Input ::
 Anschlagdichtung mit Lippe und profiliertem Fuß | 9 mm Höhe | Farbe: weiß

--

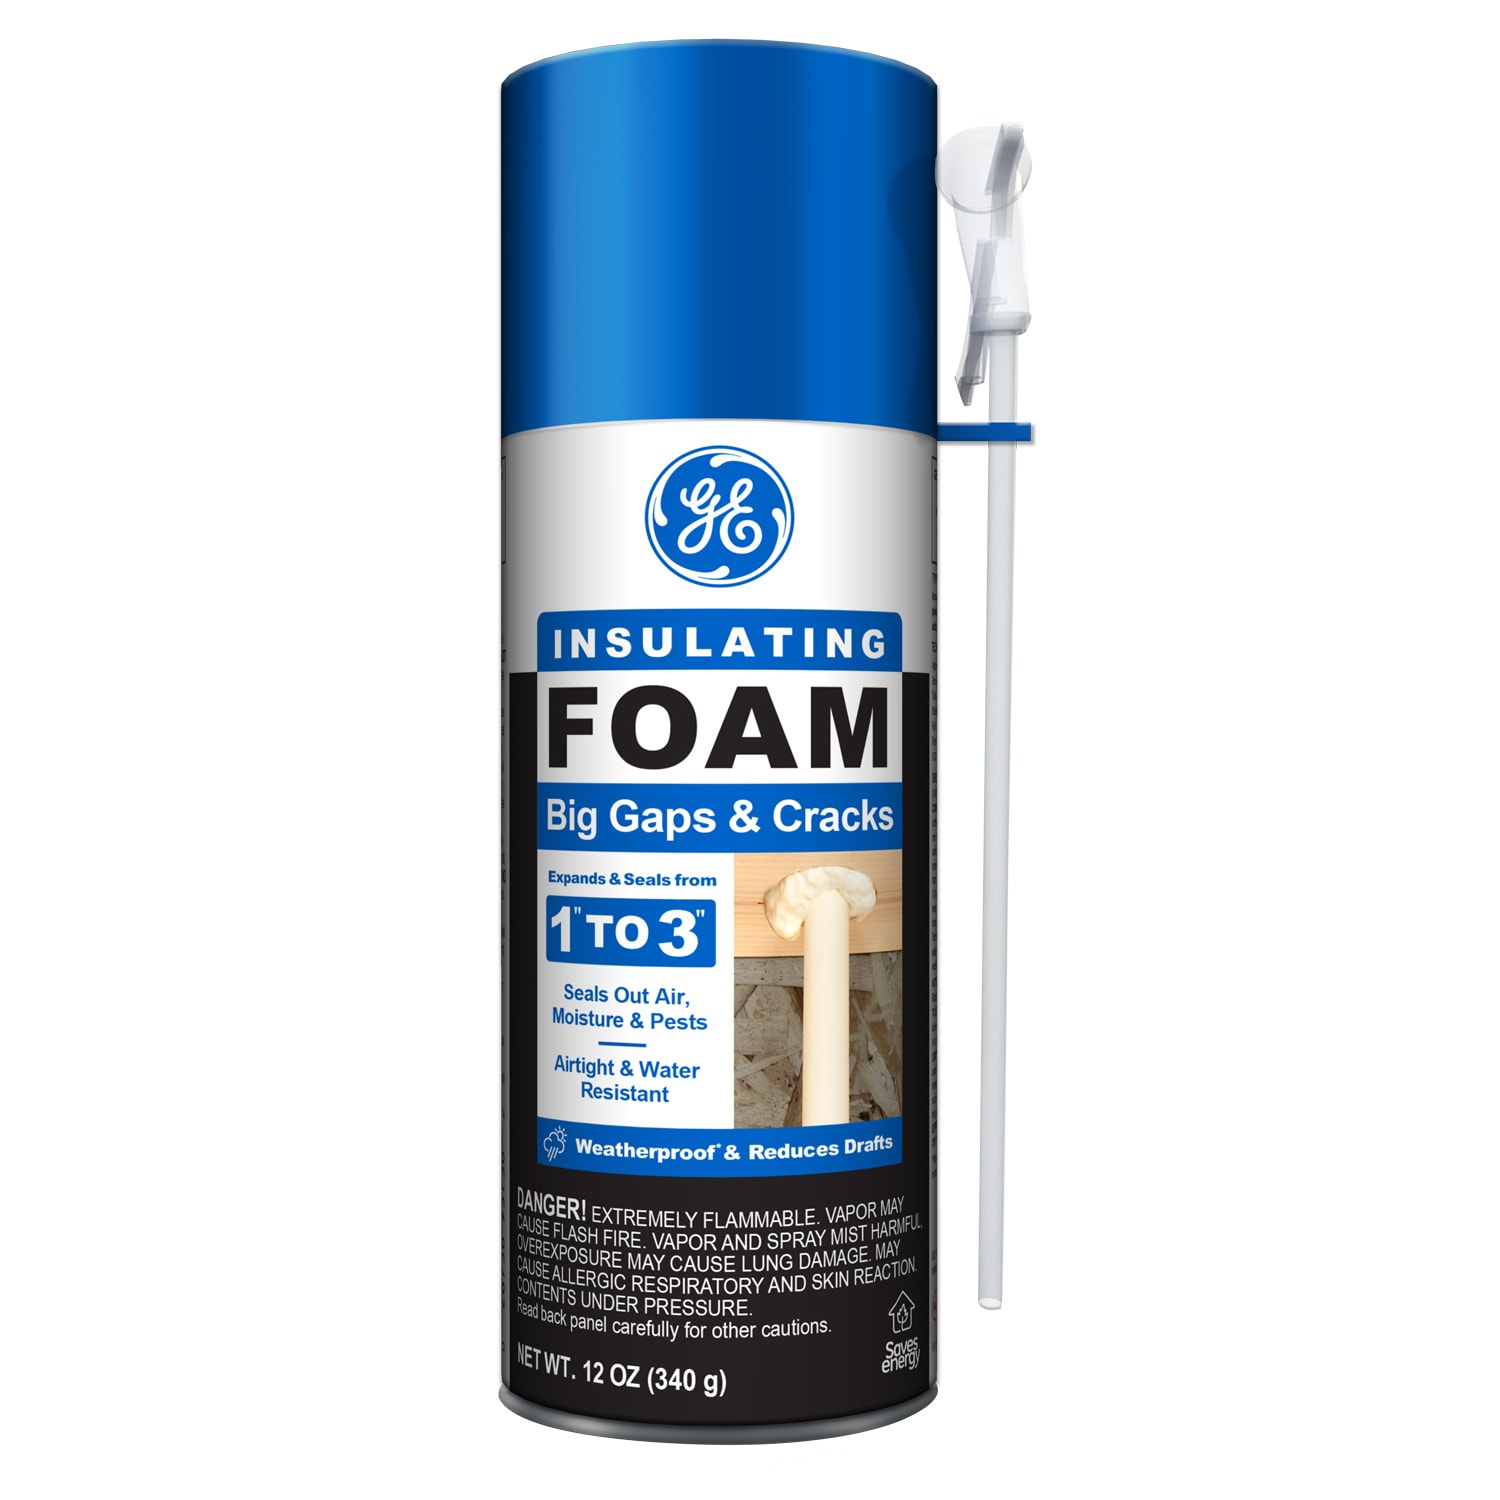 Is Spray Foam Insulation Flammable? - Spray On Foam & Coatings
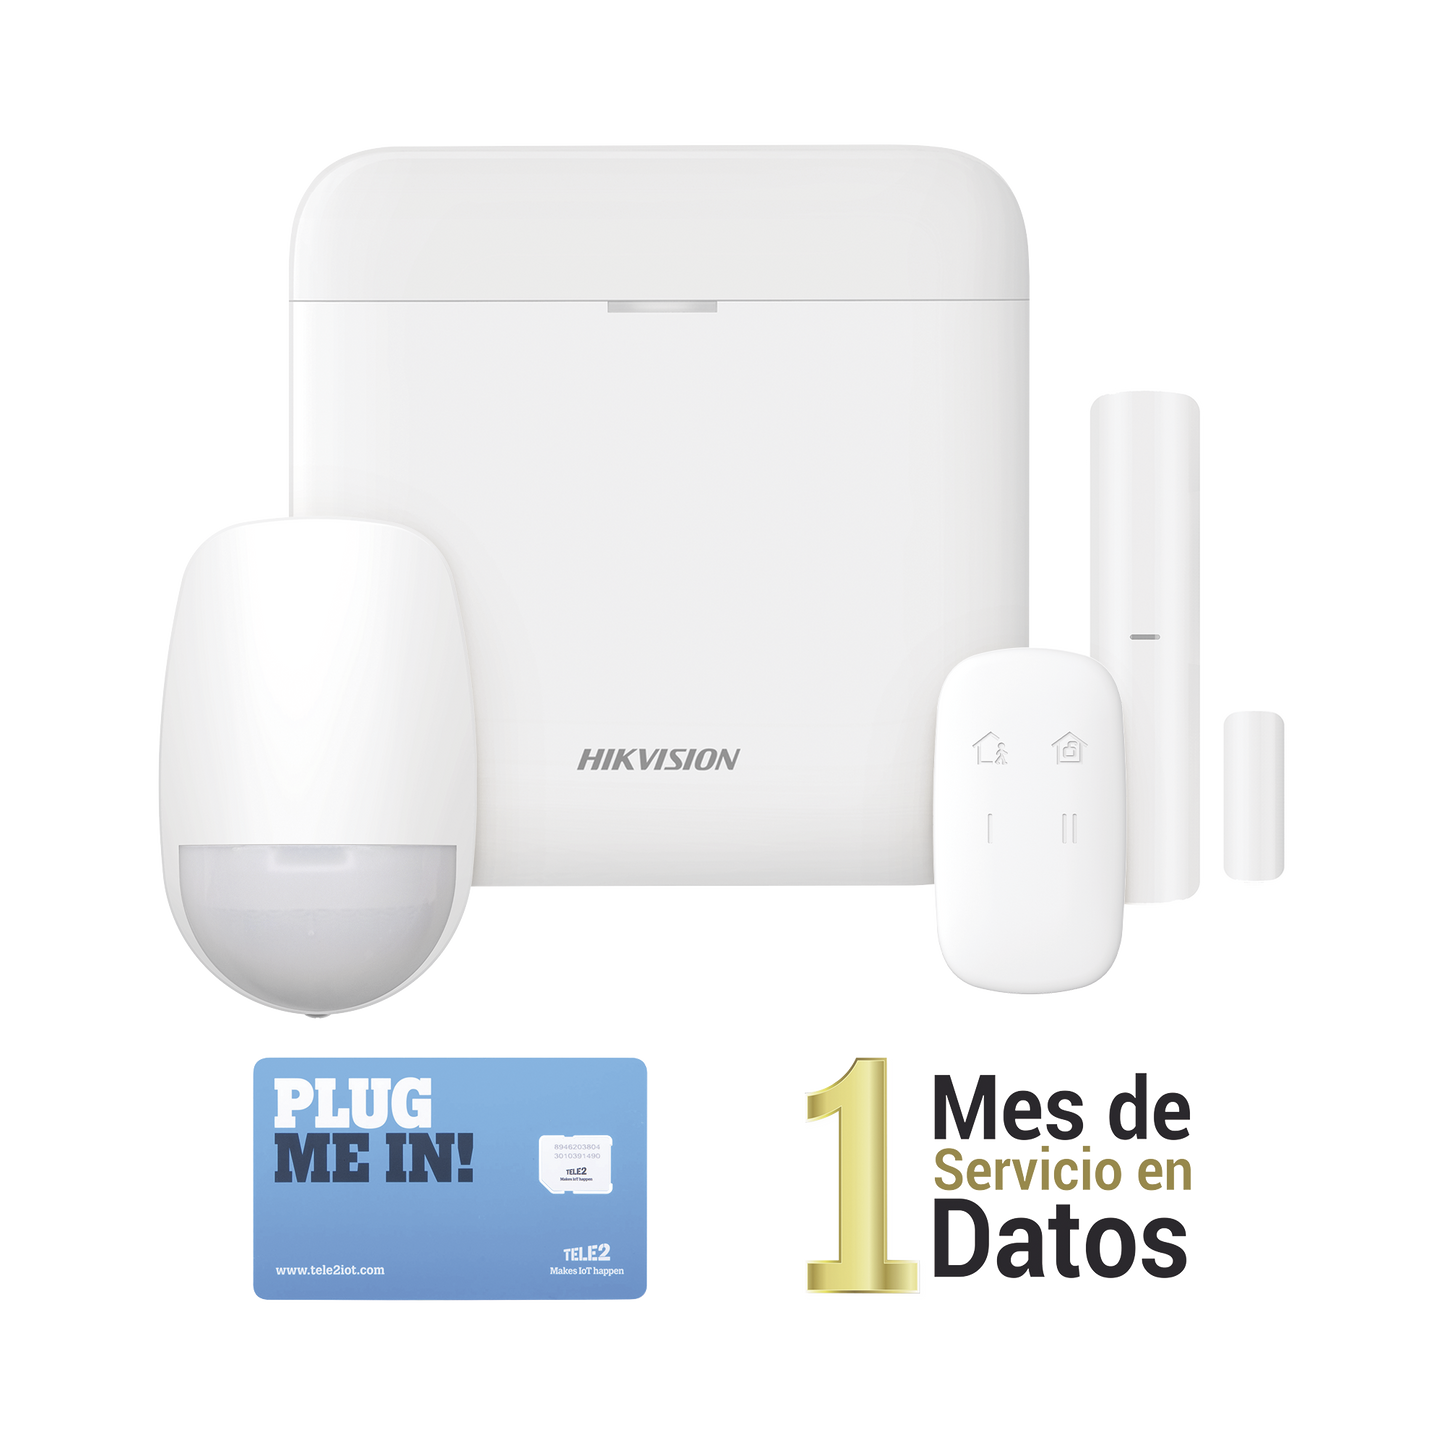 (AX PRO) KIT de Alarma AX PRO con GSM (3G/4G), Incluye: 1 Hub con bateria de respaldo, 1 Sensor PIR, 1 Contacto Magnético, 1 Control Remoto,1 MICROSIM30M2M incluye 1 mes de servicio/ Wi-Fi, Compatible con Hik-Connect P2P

--

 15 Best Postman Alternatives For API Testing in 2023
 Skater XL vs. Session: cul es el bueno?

Your assignment :: All that should be written out is the stretch of lines above between the one holding "15 Best Postman" and the one holding "Skater XL vs. Session: cul es el bueno?", inclusive, exactly as given.

Result below ::
 15 Best Postman Alternatives For API Testing in 2023
 Skater XL vs. Session: cul es el bueno?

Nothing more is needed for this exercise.